_Work to be completed_.
In the entries that follow, find the line containing "Naisidier Baby Girl" and the line containing "Modelo na rua cabelo médio afro", then retype exactly the lines from the first through the second, pictures excluded.

-- Data records follows --

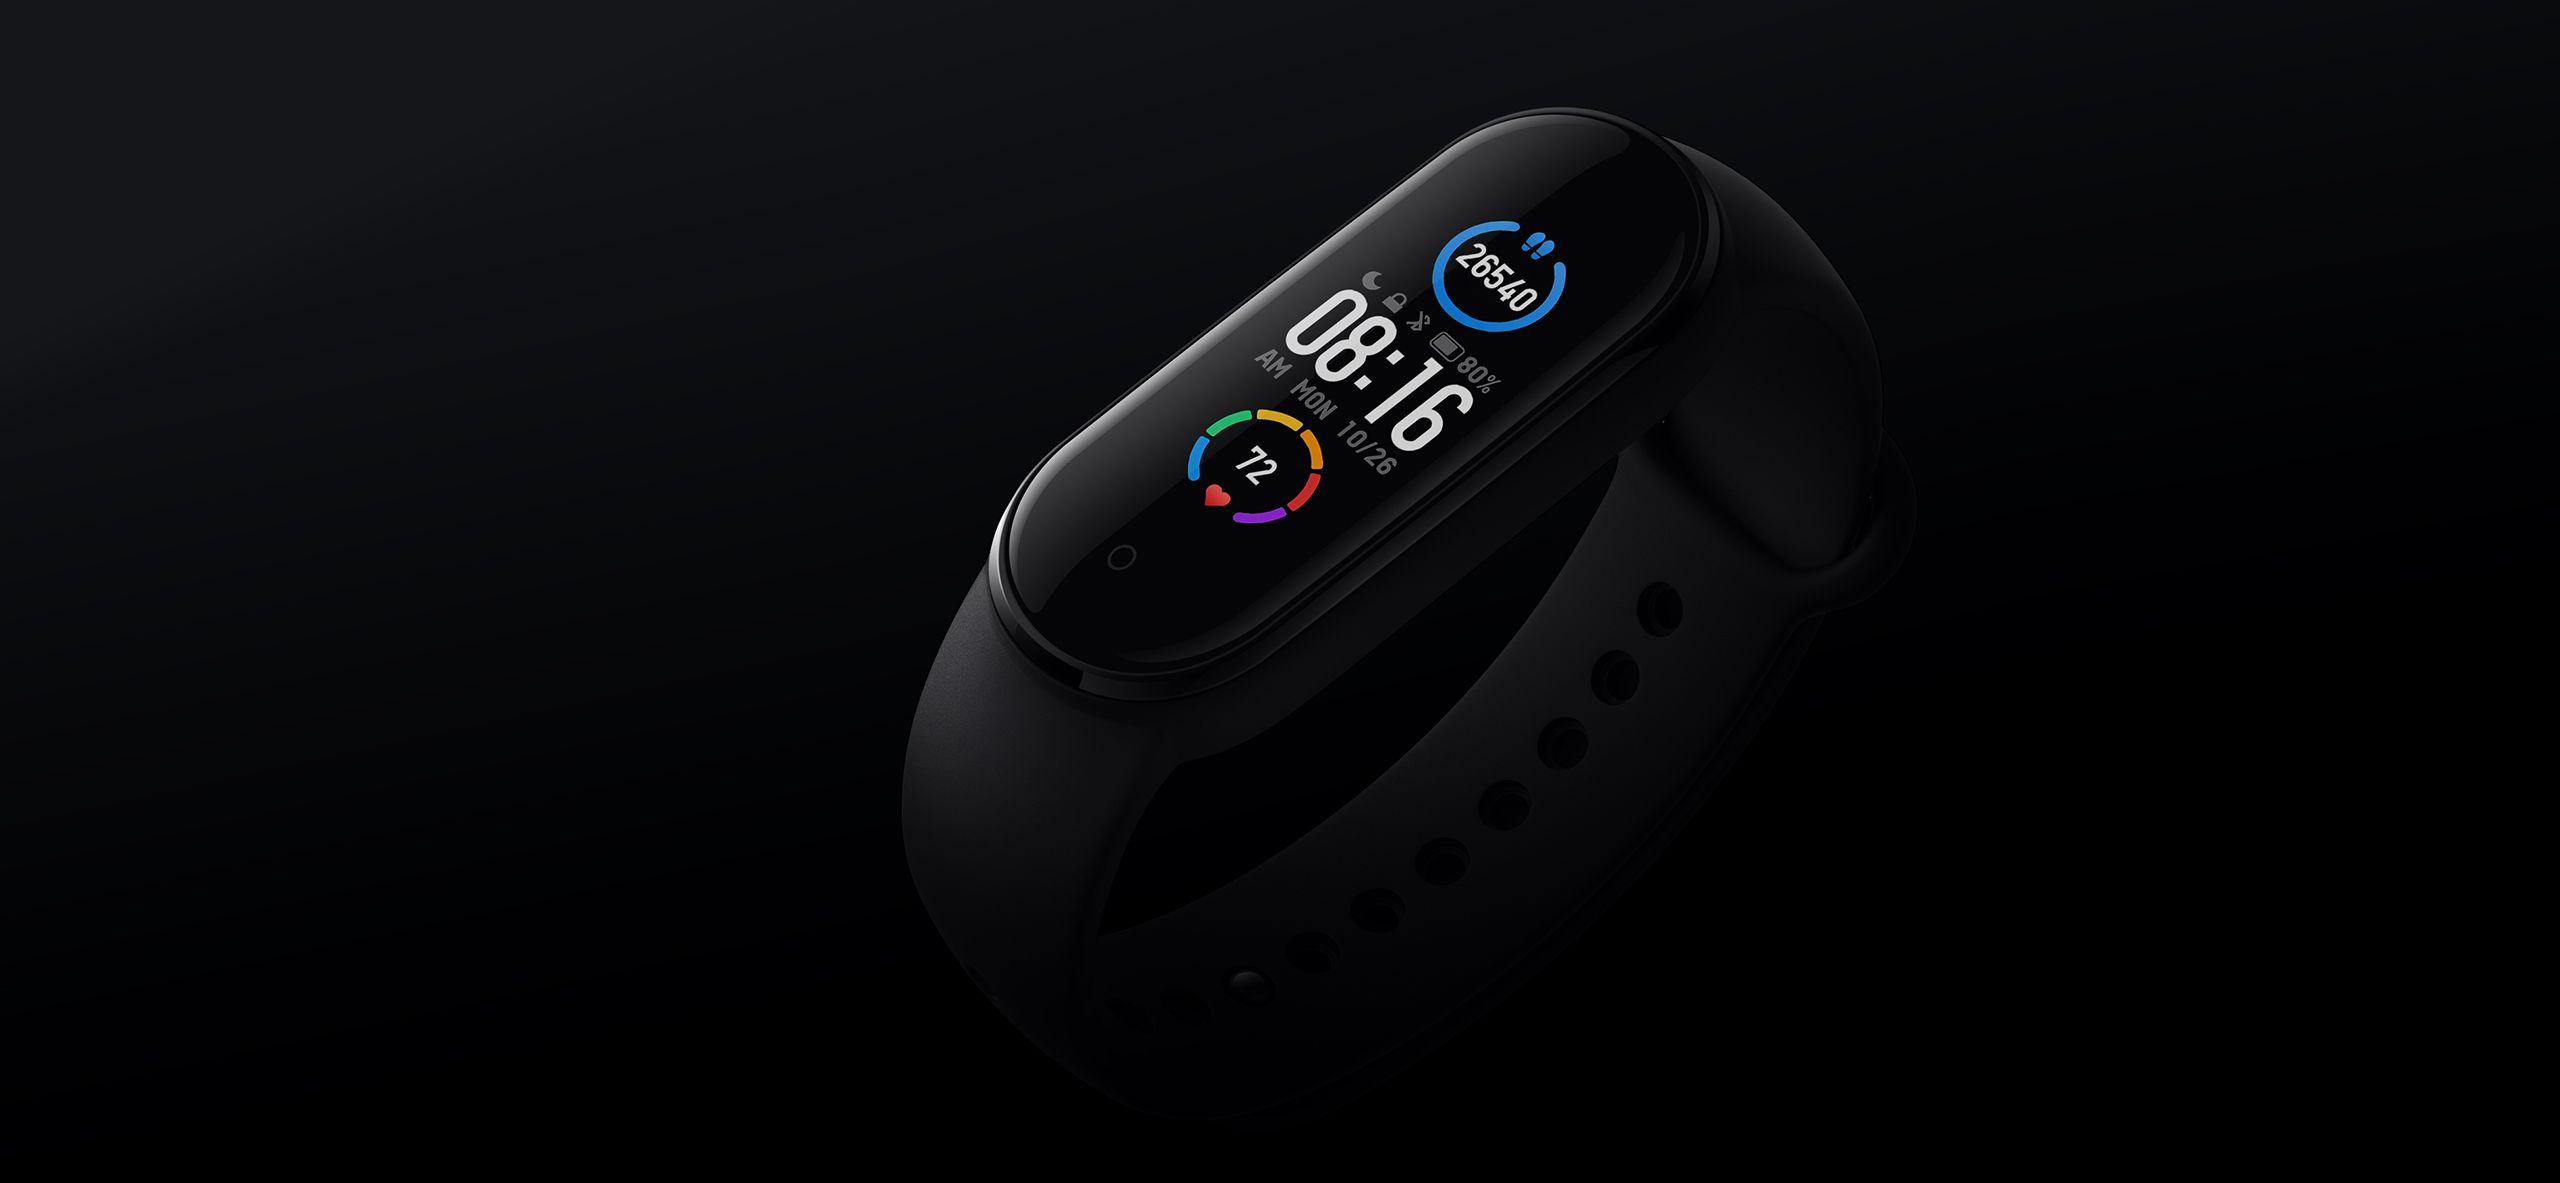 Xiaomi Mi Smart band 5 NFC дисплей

-- Data records concluded --
-- Data records follows --

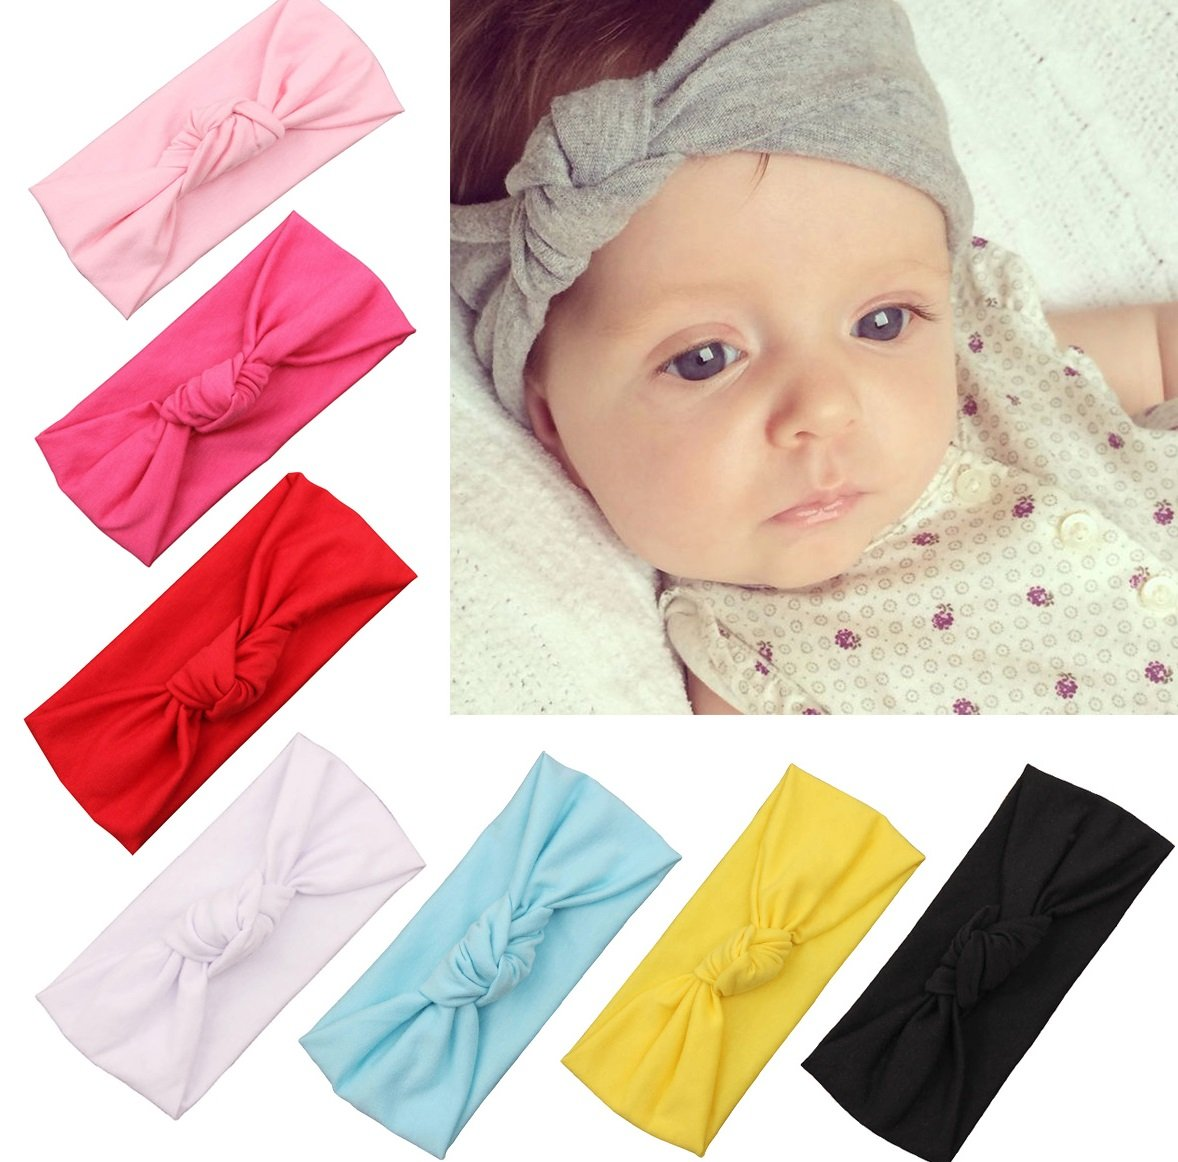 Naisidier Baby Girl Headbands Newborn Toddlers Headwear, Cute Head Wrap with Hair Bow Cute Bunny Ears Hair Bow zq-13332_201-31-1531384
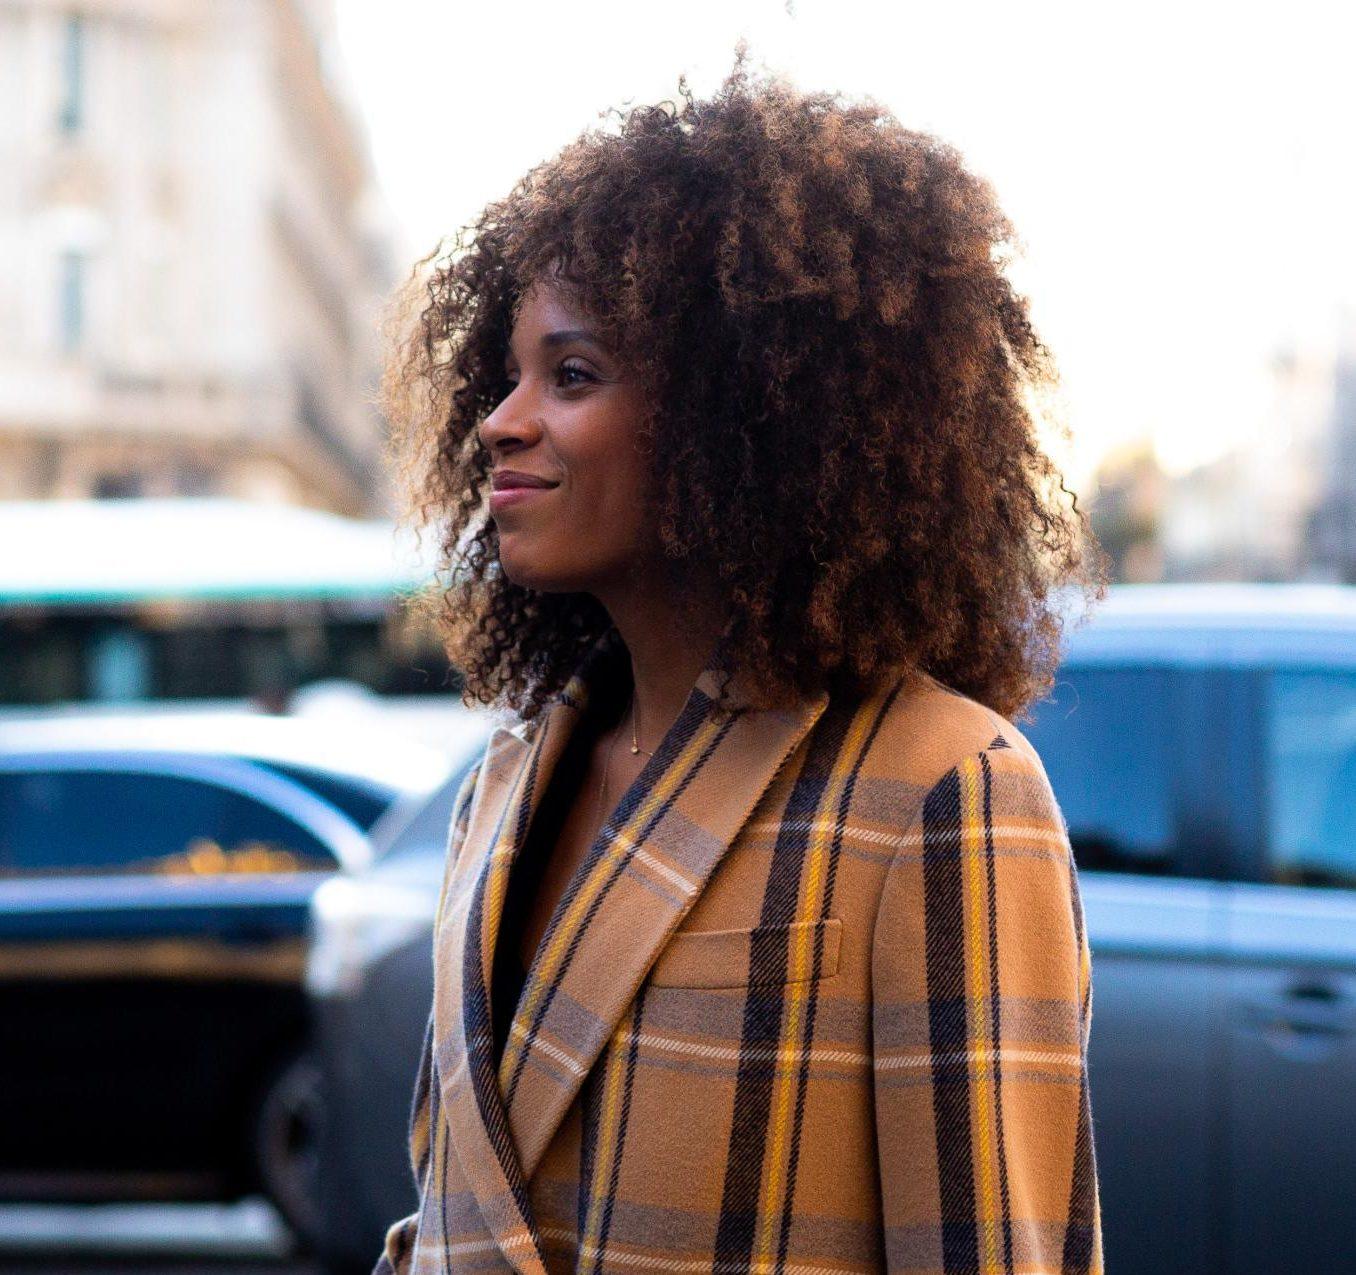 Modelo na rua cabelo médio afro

-- Data records concluded --
-- Data records follows --

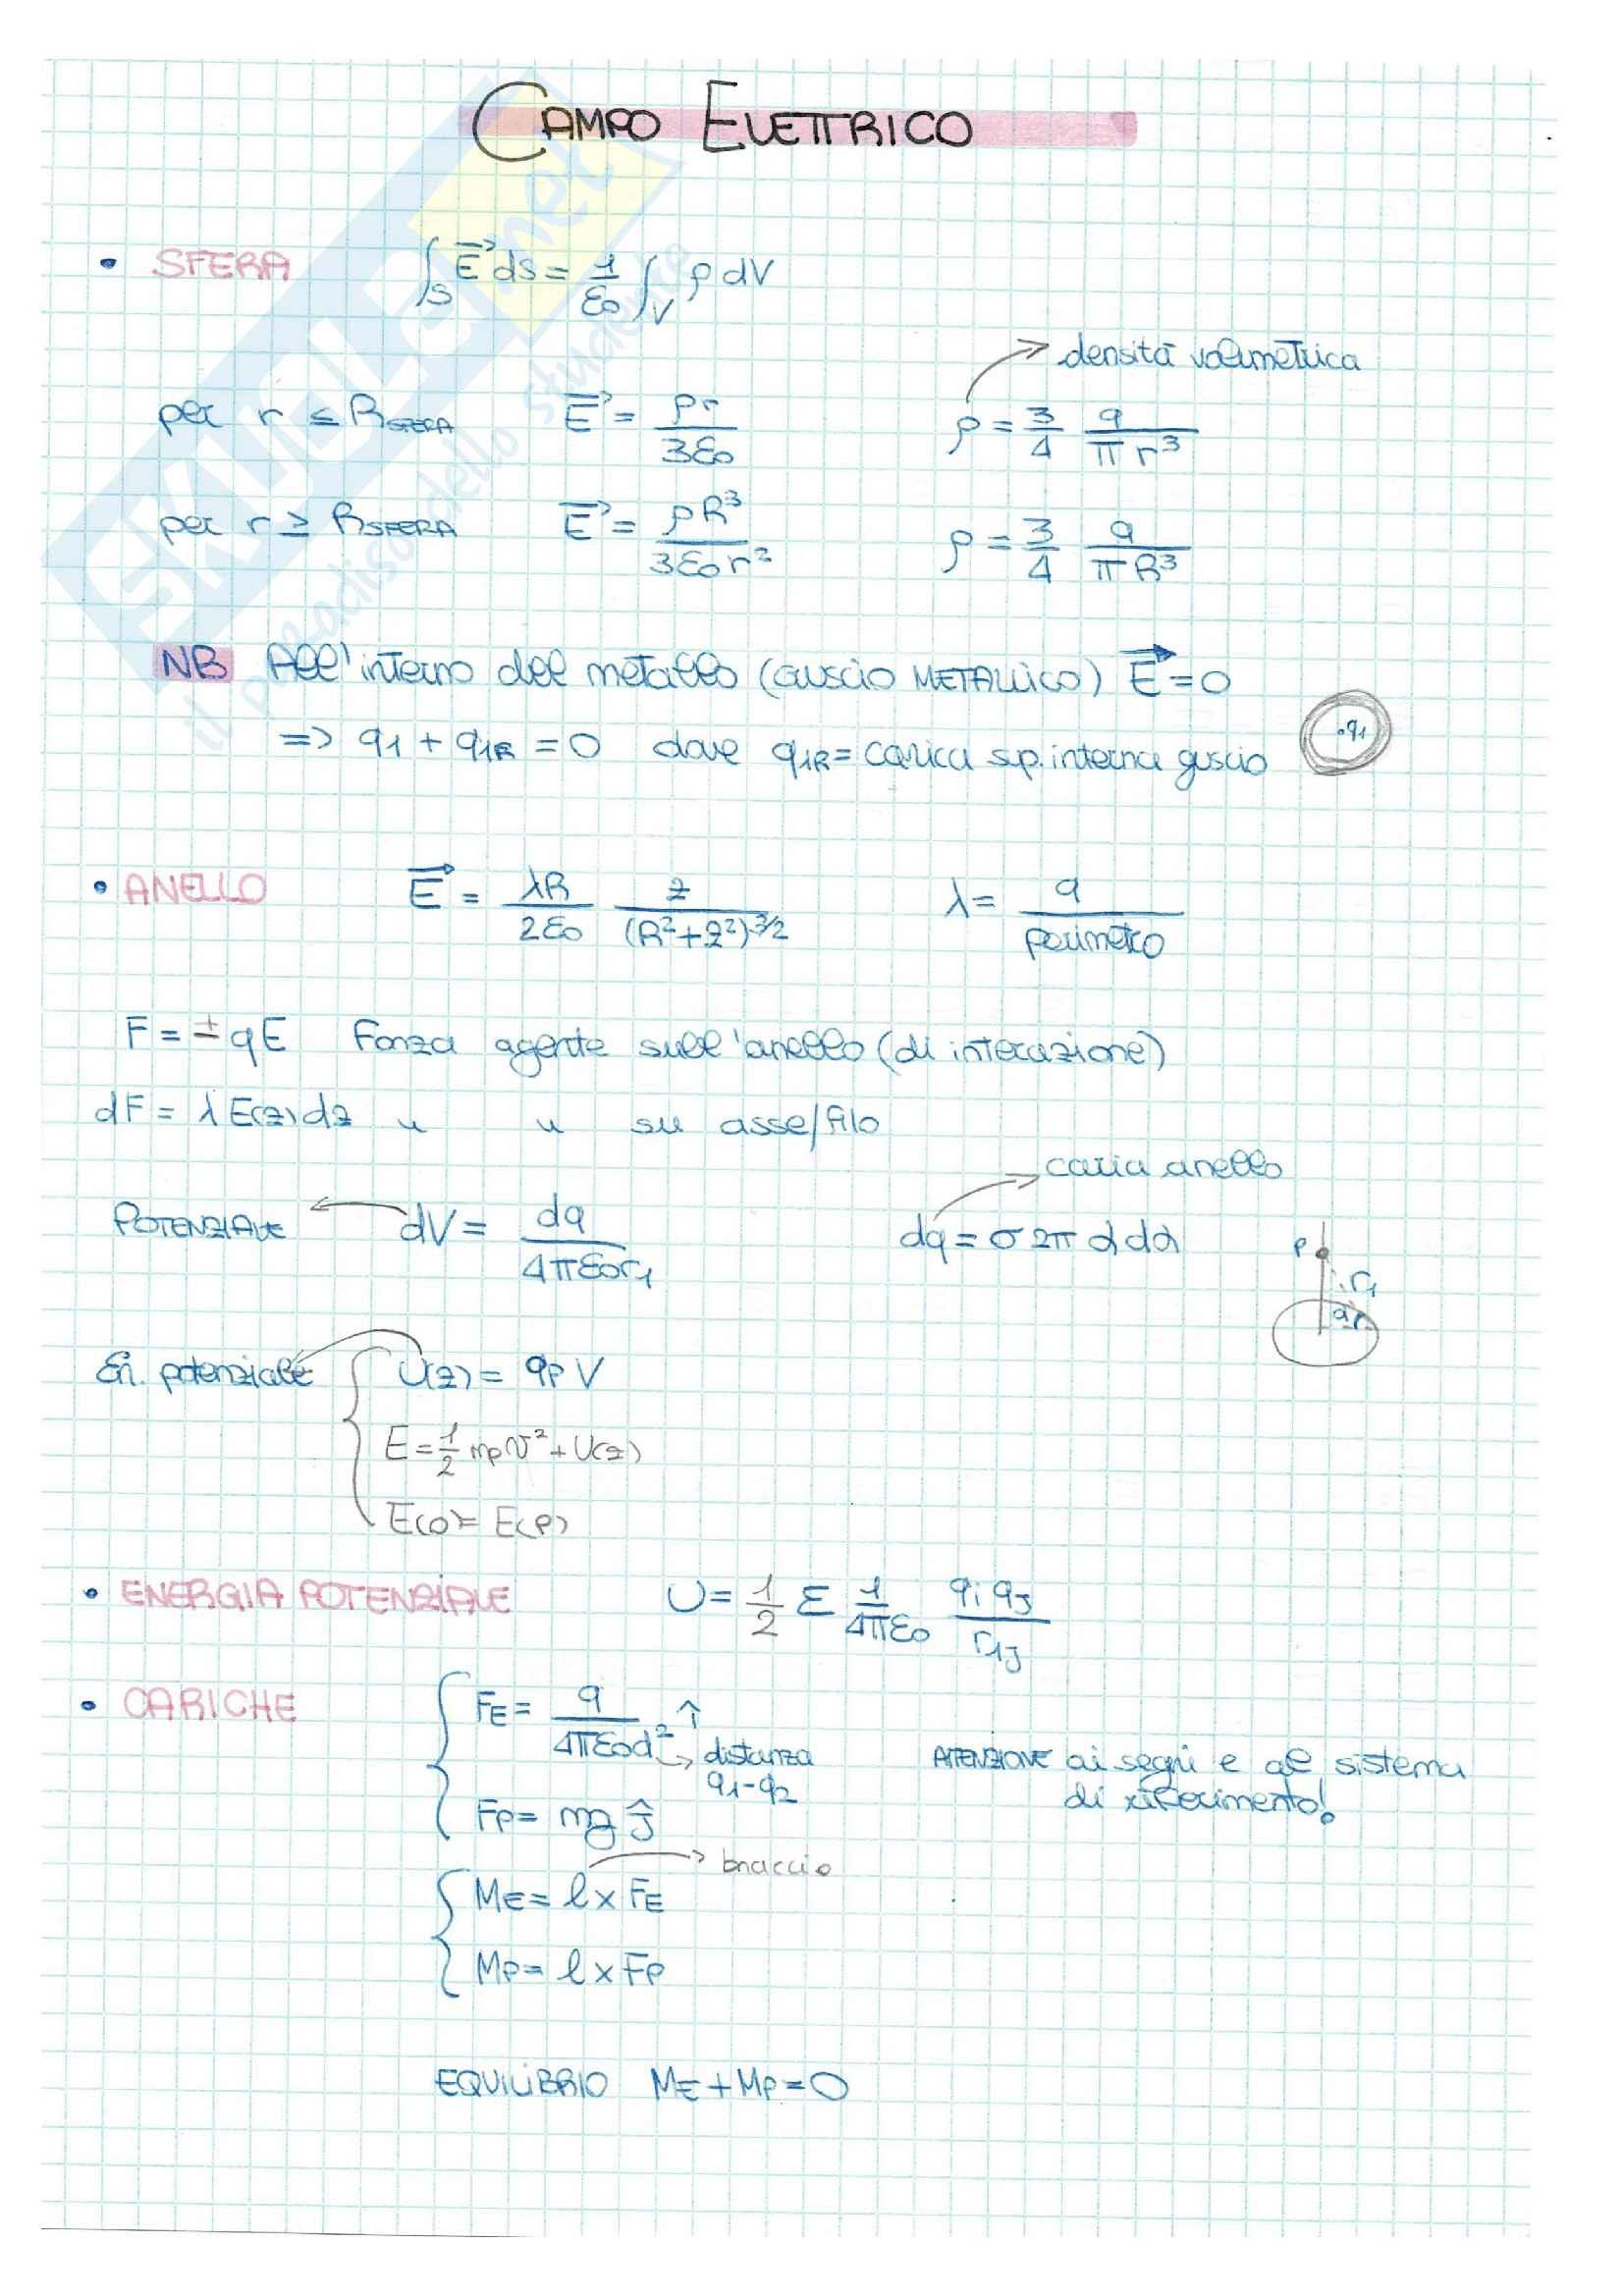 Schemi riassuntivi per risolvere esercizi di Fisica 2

-- Data records concluded --

_Response area_.
 Naisidier Baby Girl Headbands Newborn Toddlers Headwear, Cute Head Wrap with Hair Bow Cute Bunny Ears Hair Bow zq-13332_201-31-1531384
 Modelo na rua cabelo médio afro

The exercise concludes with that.